* **Available data**
┌──
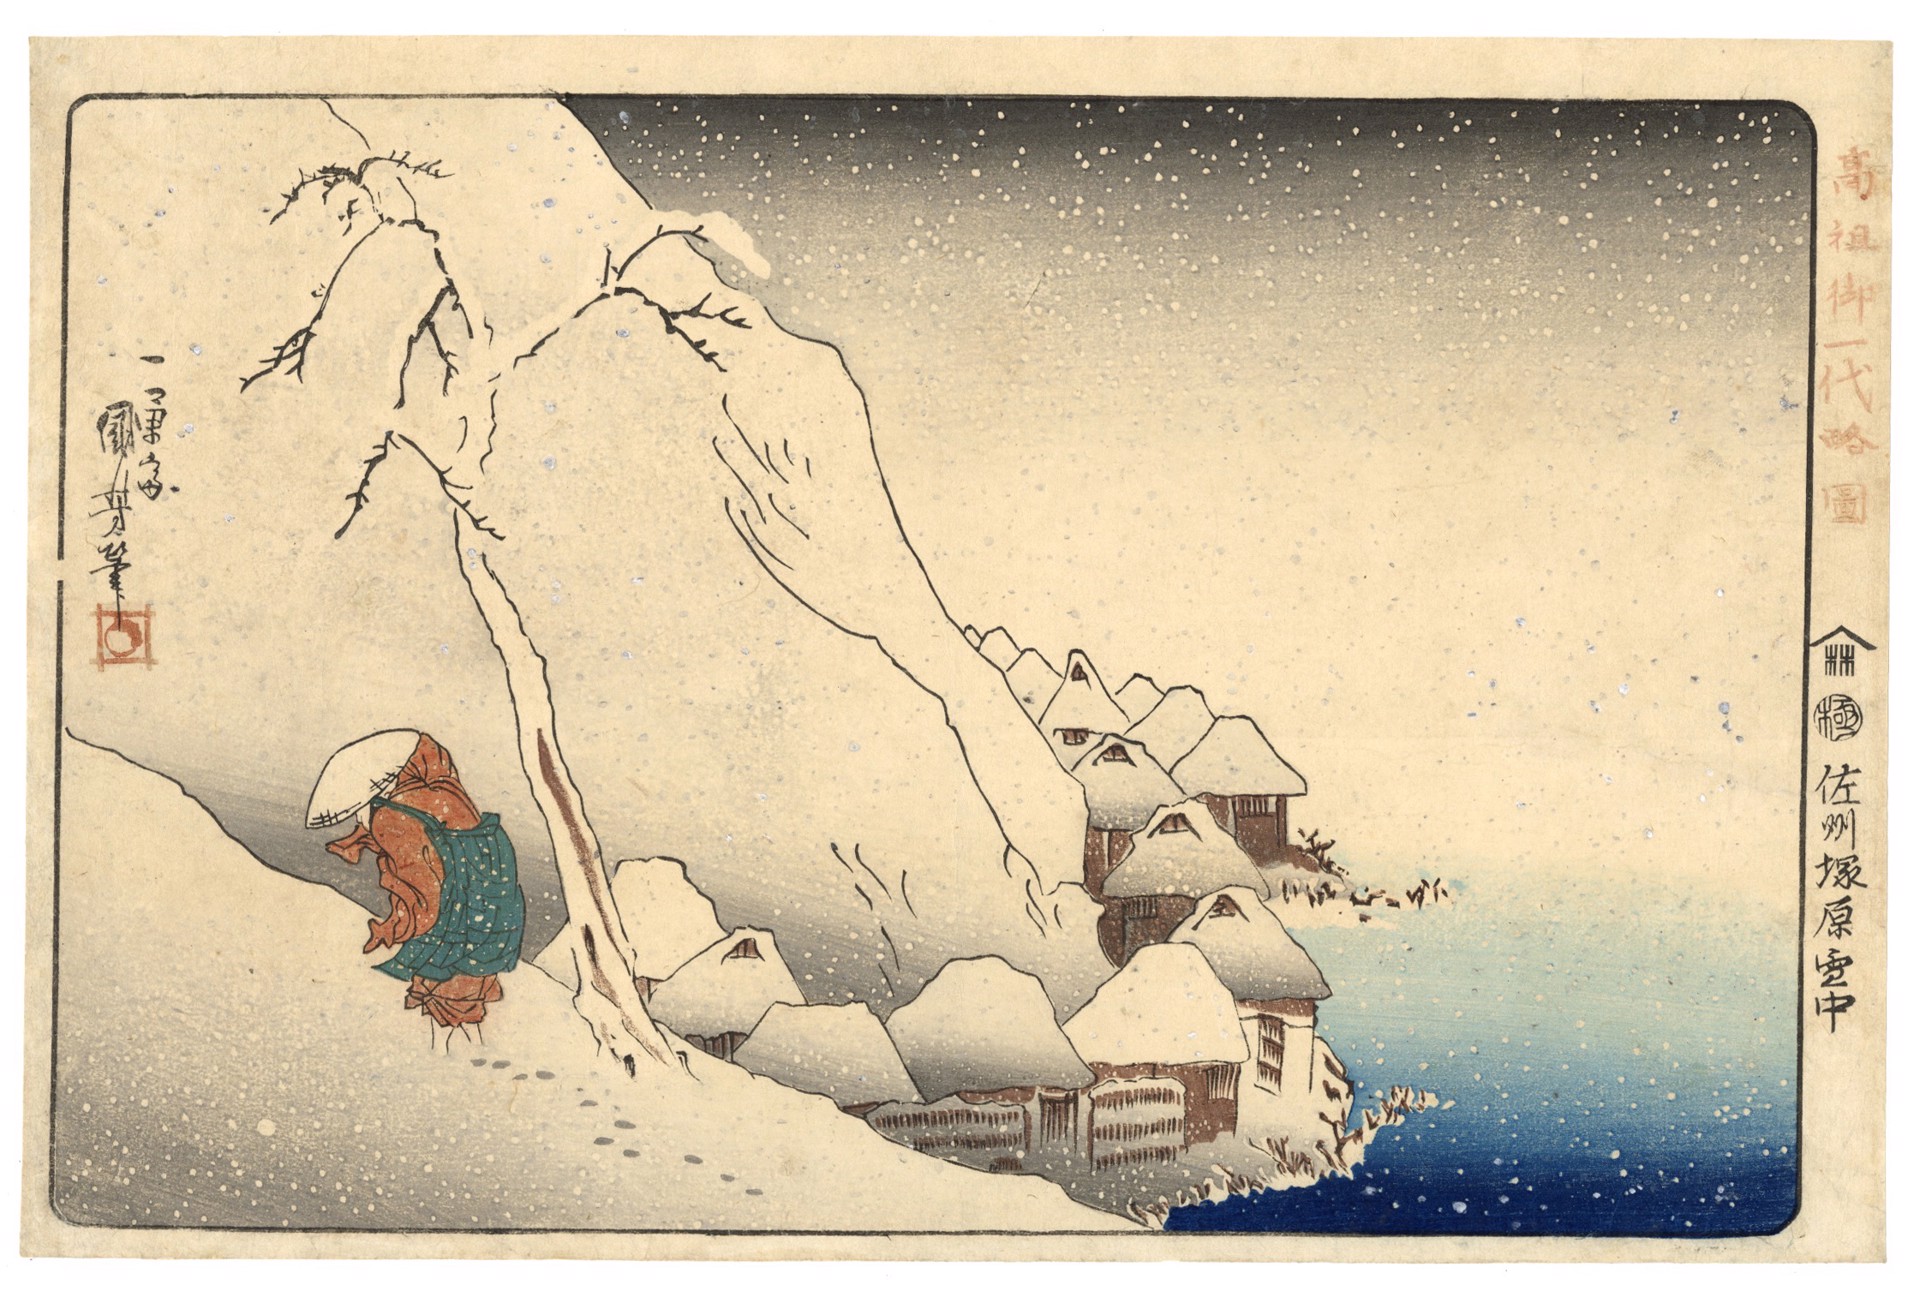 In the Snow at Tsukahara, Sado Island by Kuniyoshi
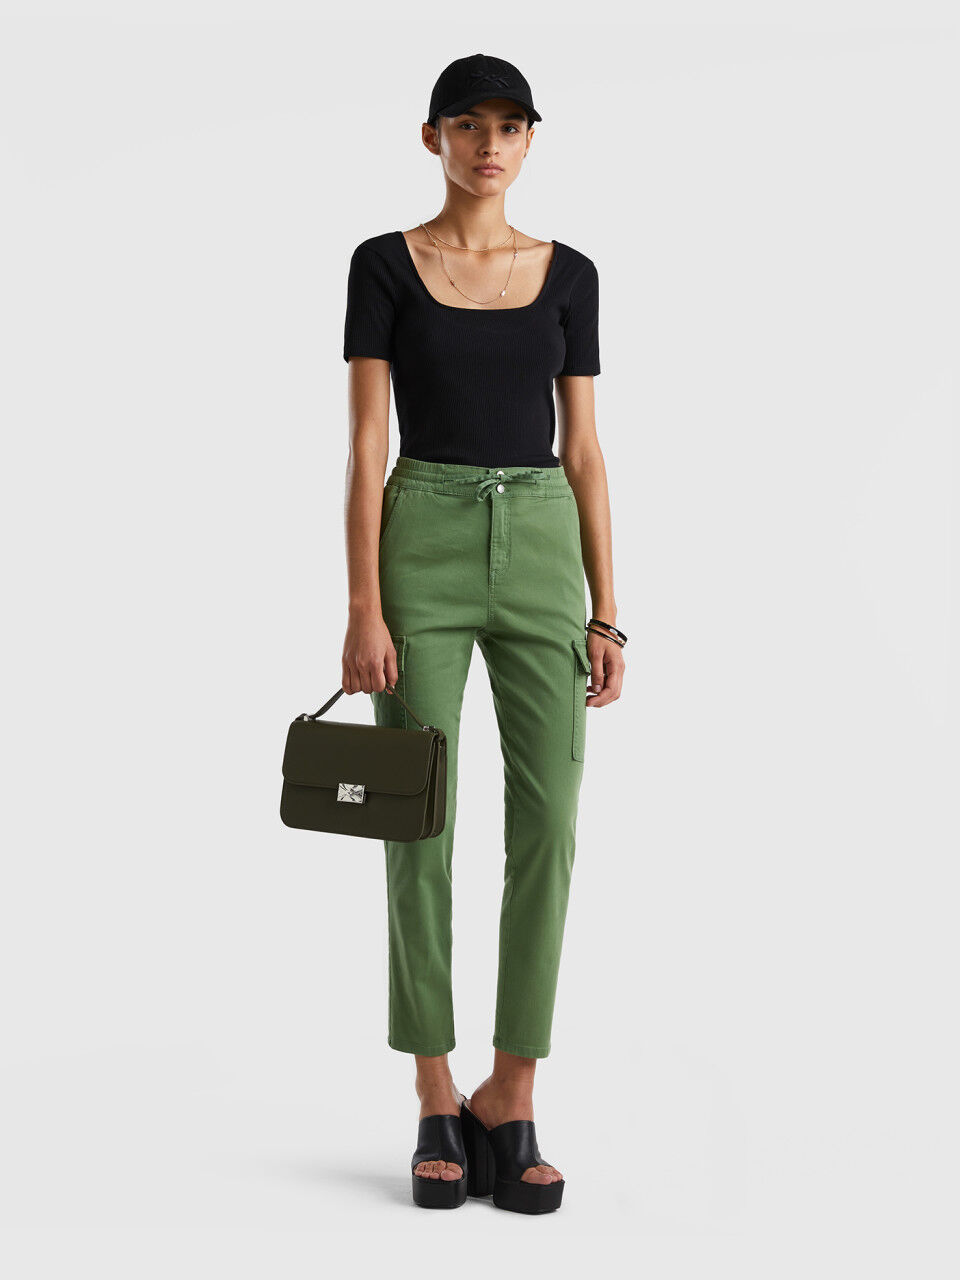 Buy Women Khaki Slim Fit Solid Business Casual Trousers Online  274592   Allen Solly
└──
┌──
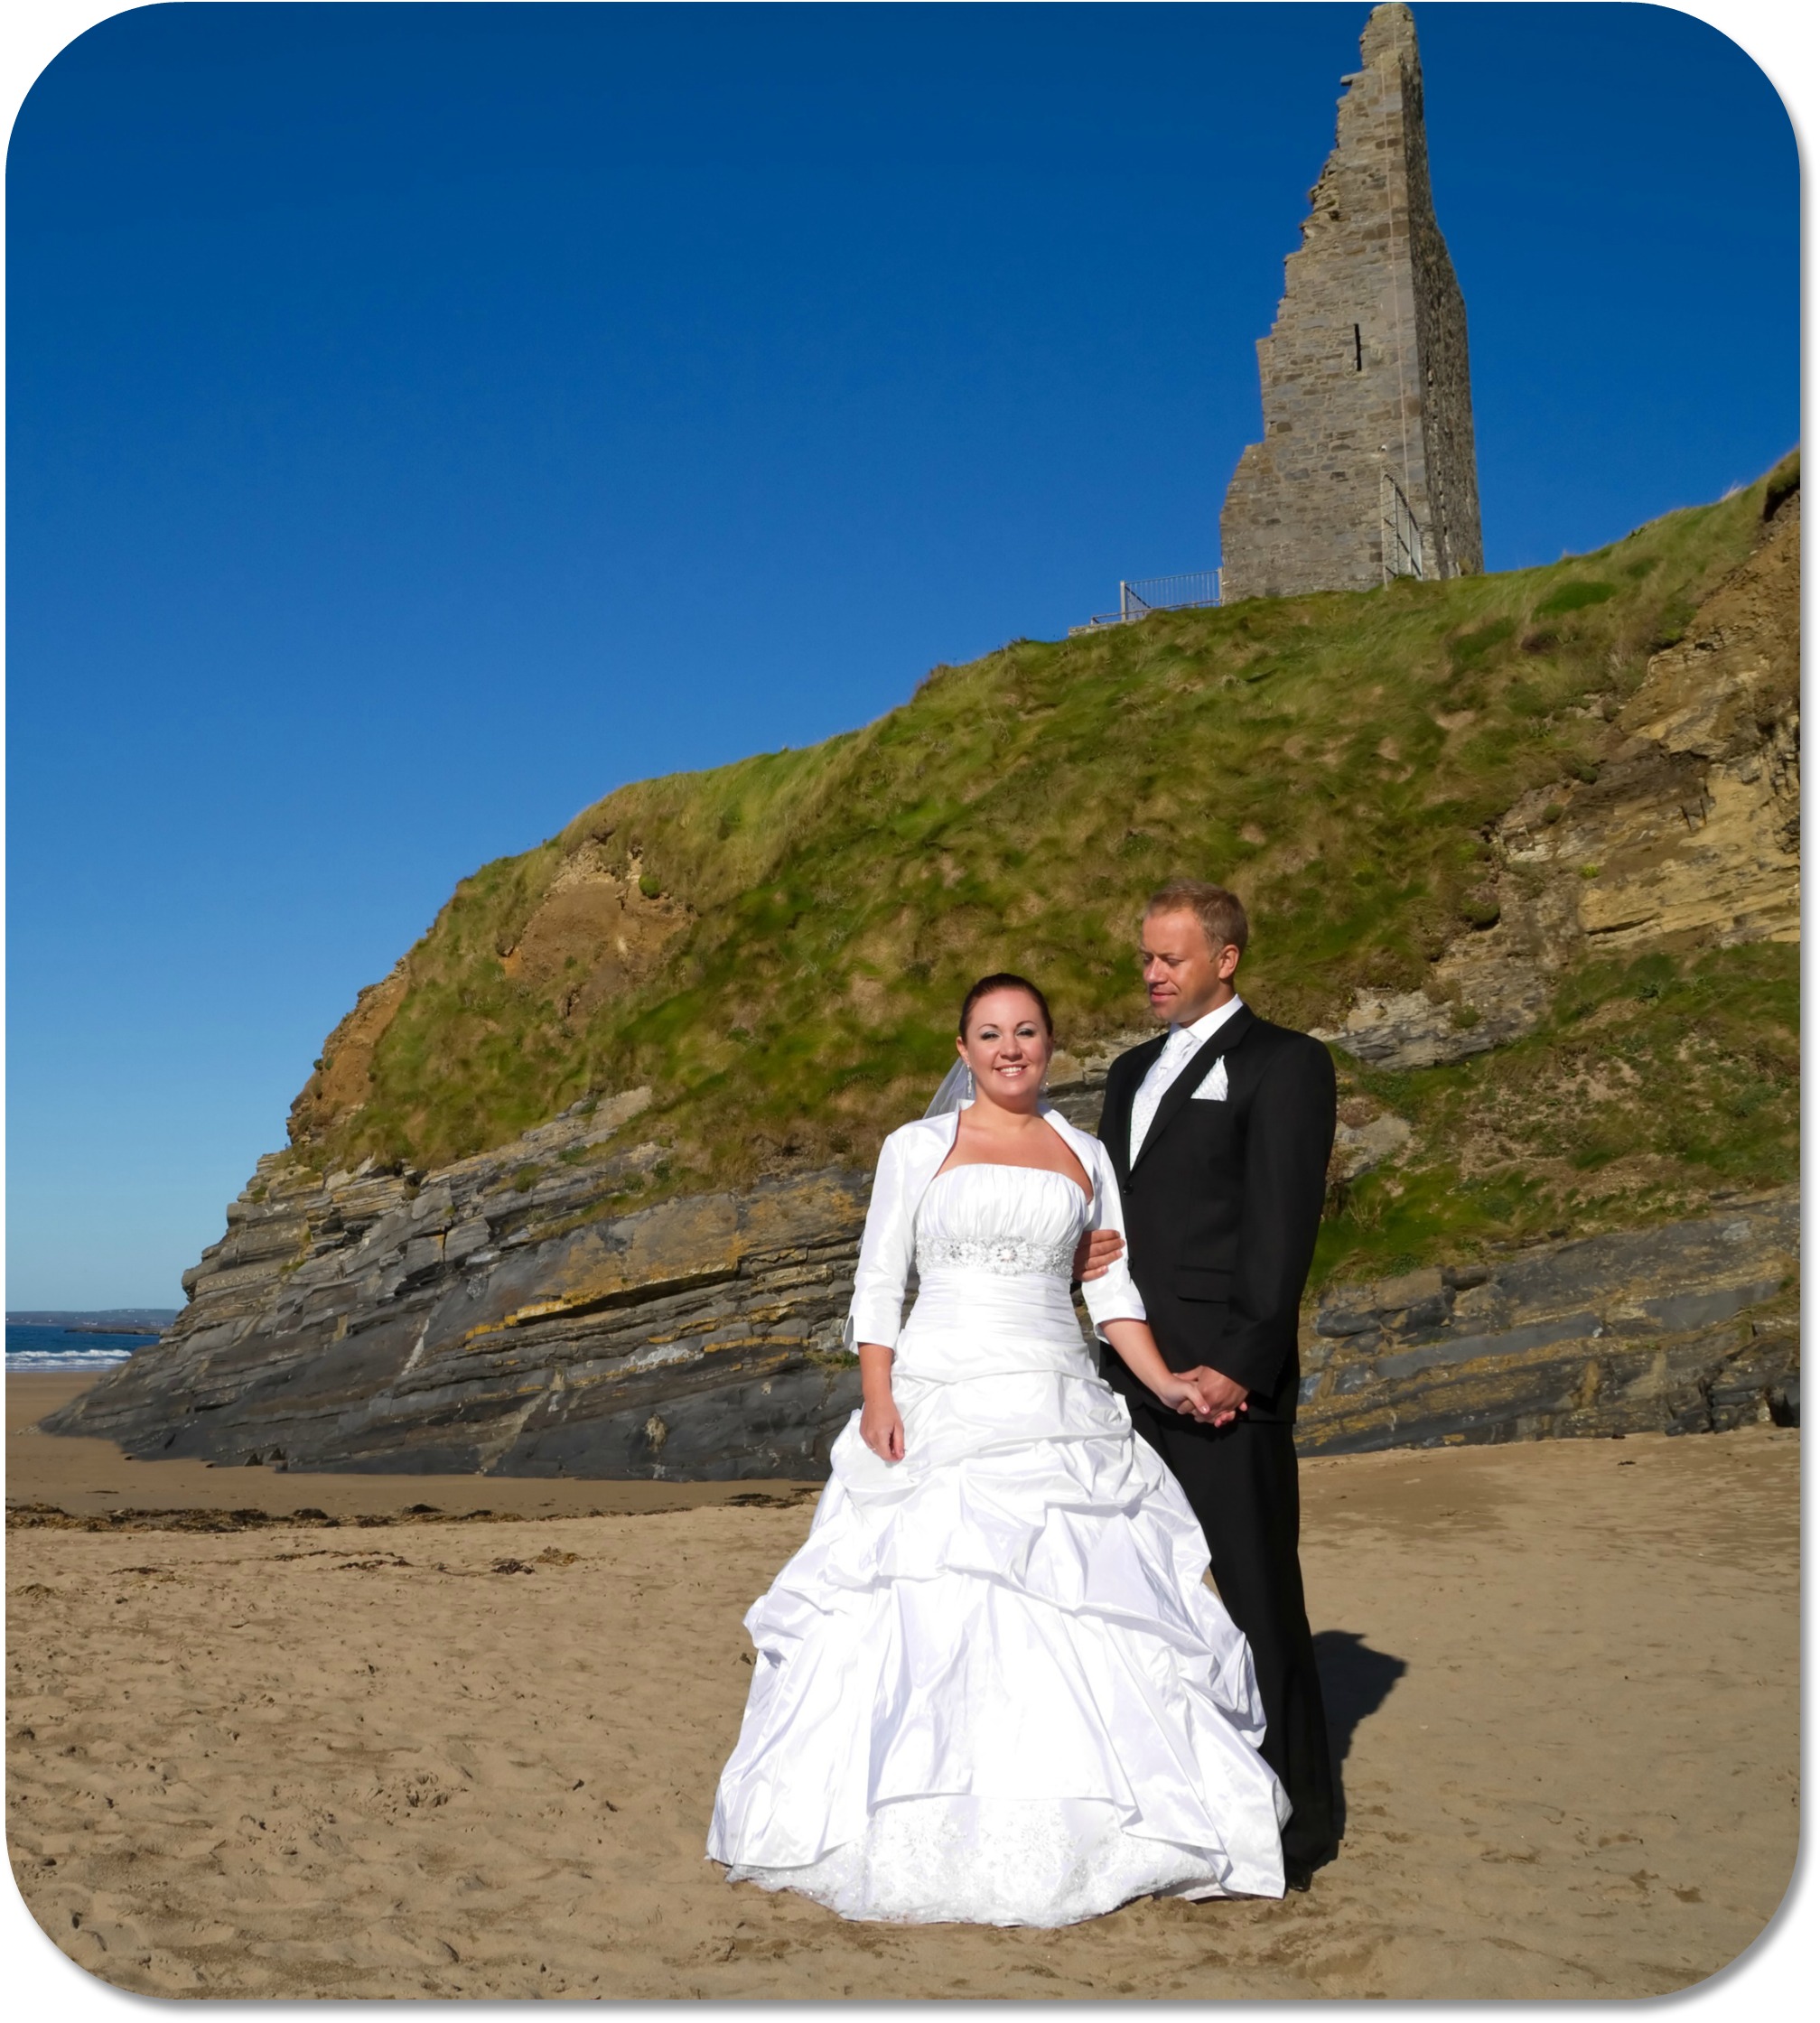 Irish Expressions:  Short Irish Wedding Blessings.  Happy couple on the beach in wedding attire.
└──
* **Problem to solve**
Write out again exactly the lines above from the one with "In the Snow" through the one with "Buy Women Khaki", adding no other lines and no pictures.

* **Output for this task**
 In the Snow at Tsukahara, Sado Island by Kuniyoshi
 Buy Women Khaki Slim Fit Solid Business Casual Trousers Online  274592   Allen Solly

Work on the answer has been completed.